In his old age, Mr. Ward had clearly been unable to keep his property in acceptable condition. After many warnings, countless fines, and several threats of action, the county finally sent a crew out to remove the junk he had accumulated.

There was a gunshot, and they found the man dead at his kitchen table. Recently emptied tea cup overflowing with blood. Self-inflicted wound to the head. His death was instant, with the barrel clenched between his odd teeth.

Mr. Ward didn't kill himself over the county's decision to dispose of his things. Not entirely, anyway.

The barrels. Apparently, the ones I had seen in his front lawn were just the tip of the iceberg. There were supposedly barrels scattered across his back yard, and filling a shed out back. There were even two or three barrels stacked in closets in his house.

Inside the barrels? Kids. From very young to nearly teen-aged.
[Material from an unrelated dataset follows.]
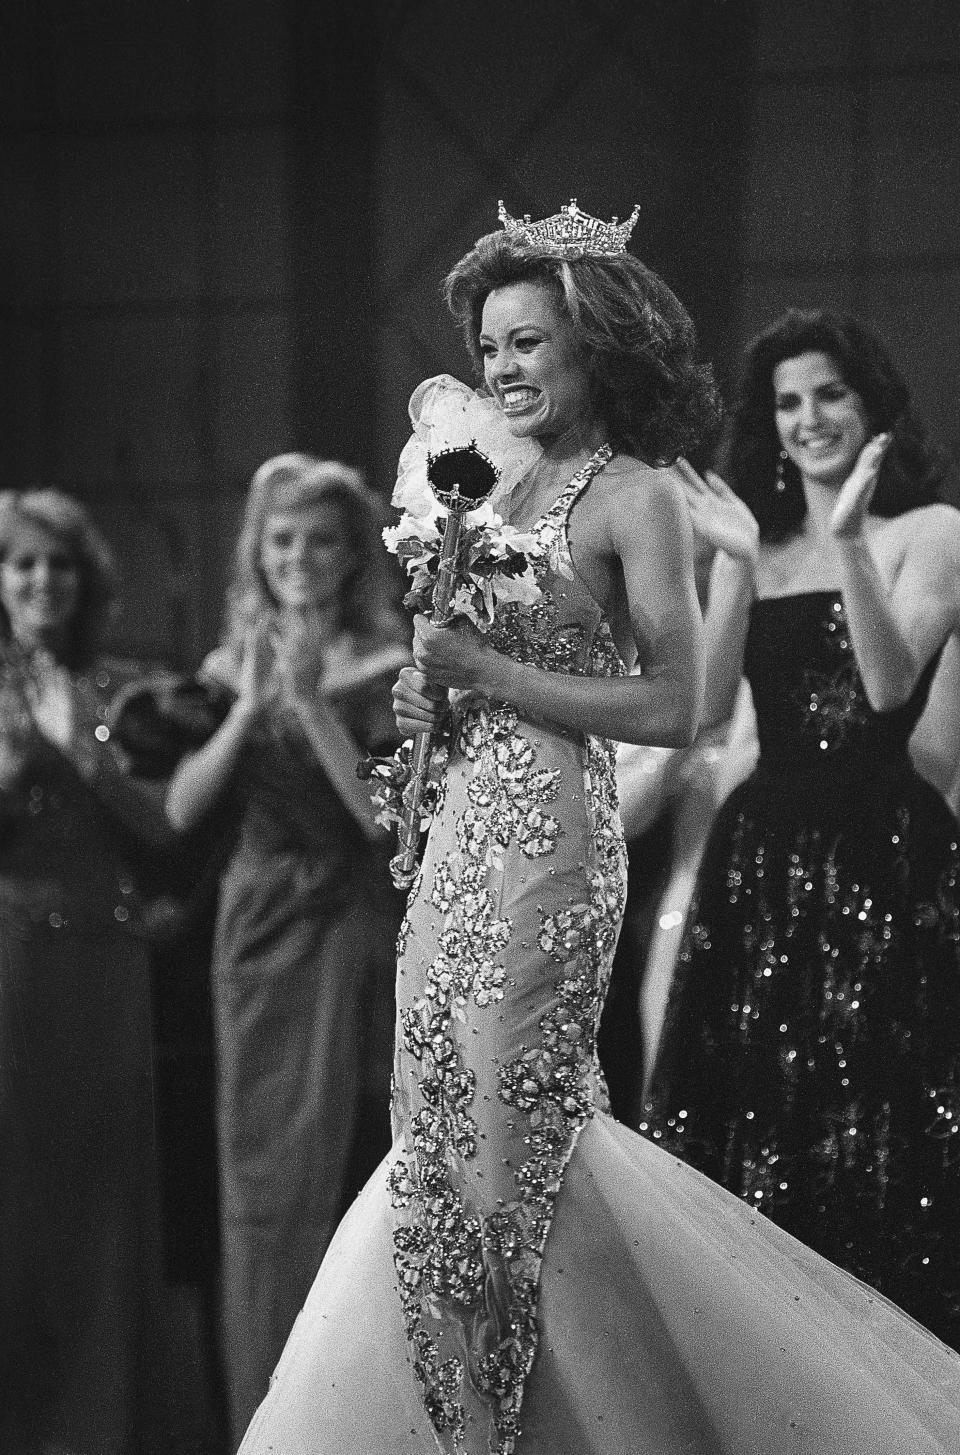 Crowned the new Miss America 1984, Miss New York, Vanessa L. Williams beams as she is applauded by runners-up Miss Virginia, Lisa Aliff (left), and Miss Ohio, Pamela Rigas (right). Williams is the first black woman to have won the crown in the pageant's 63-year history.
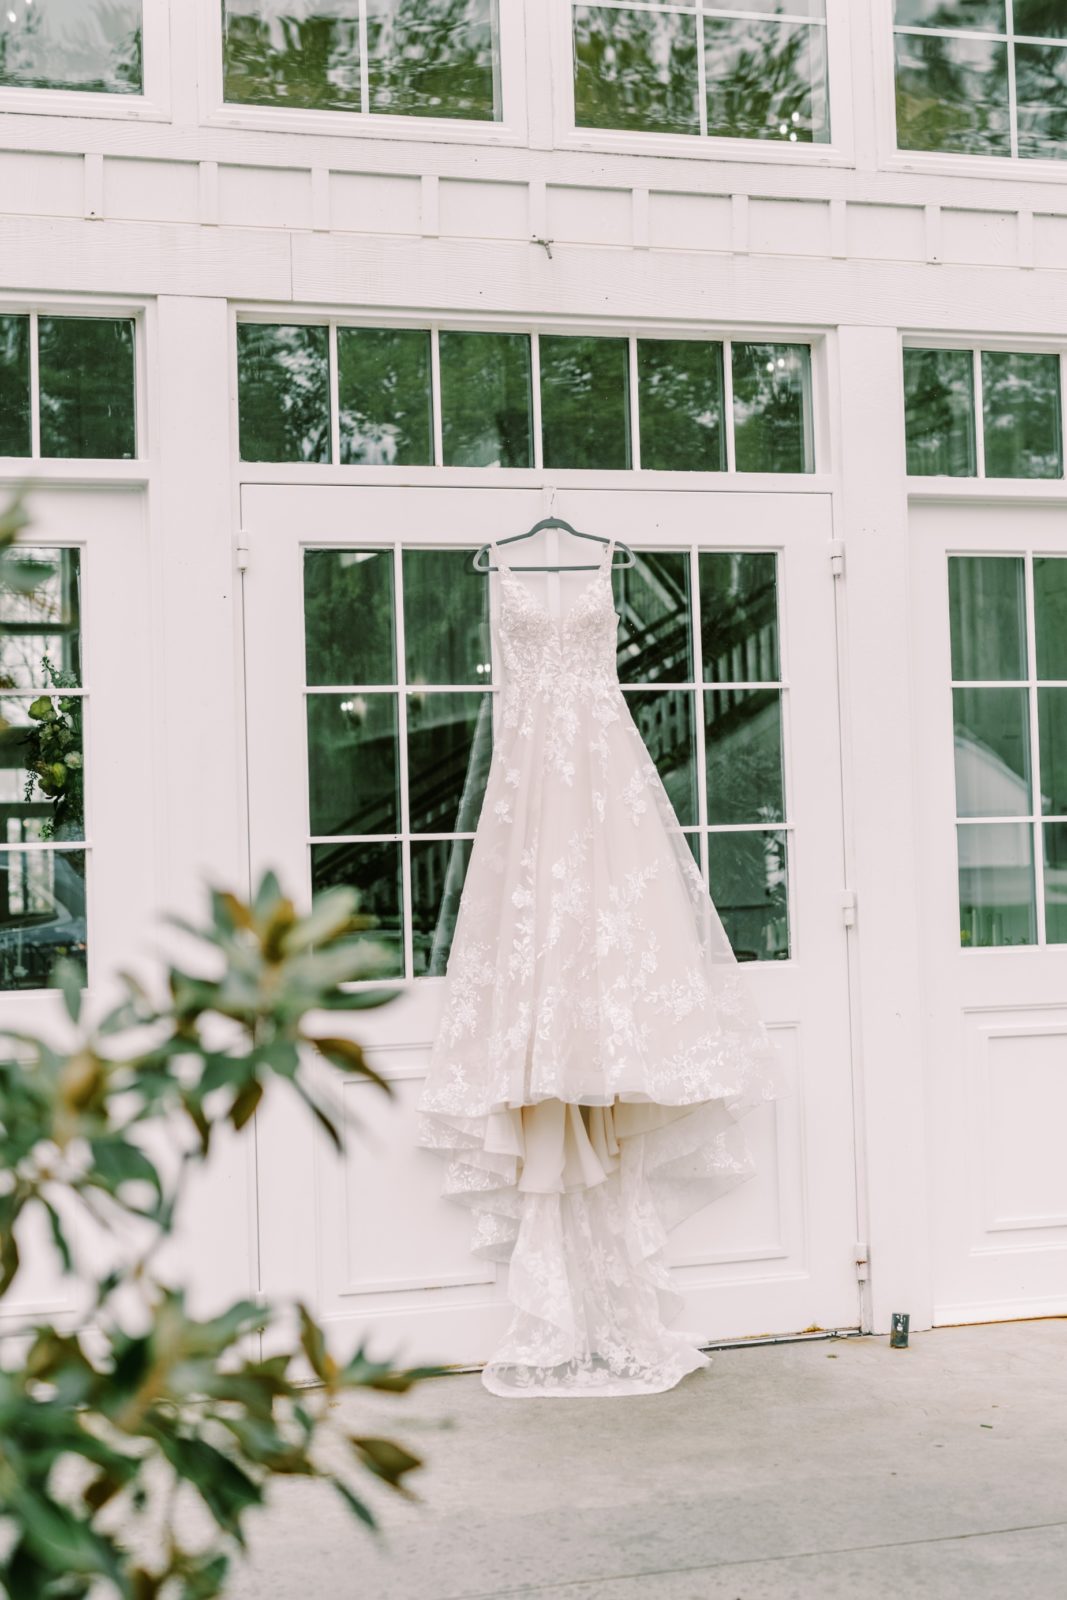 Lace wedding gown hanging up in a white window farmhouse in Houston by Christina Elliott Photography. lace wedding dress #ChristinaElliottPhotography #ChristinaElliottWeddings #Houstonweddings #TheSpringsVenue #farmhouse #EastHoustonweddings #Mrs #Mr

Many, many children from as-of-yet undetermined decades. It would be a very long time before they could all be identified, but some were said to be in such a state of decay that Mr. Ward must've been doing this well back into his early years as a cartoonist.

It's been over a year, now, and I'm still trying to wrap my head around the whole thing. All I know is that the Fresh Catch movie is definitely canceled with absolutely no plans in the works to revive the project. I was paid a pittance for what little work I was able to accomplish, and I quickly had to move on to a SyFy channel adaptation of that old “Flying Purple People Eater” song.

They expect me to wring 12 episodes out of that thing, possibly more if they're desperate enough to renew it. I'm not kidding.

I'm thinking that once everything is sorted out, once there's some more insight into who these kids were, where they were abducted from, and why Thibault Ward might've done what he did, maybe I'll revisit this whole thing with fresh eyes. As soon as it's not “too soon”.

I'm almost positive that I can adapt this into a pretty decent horror movie.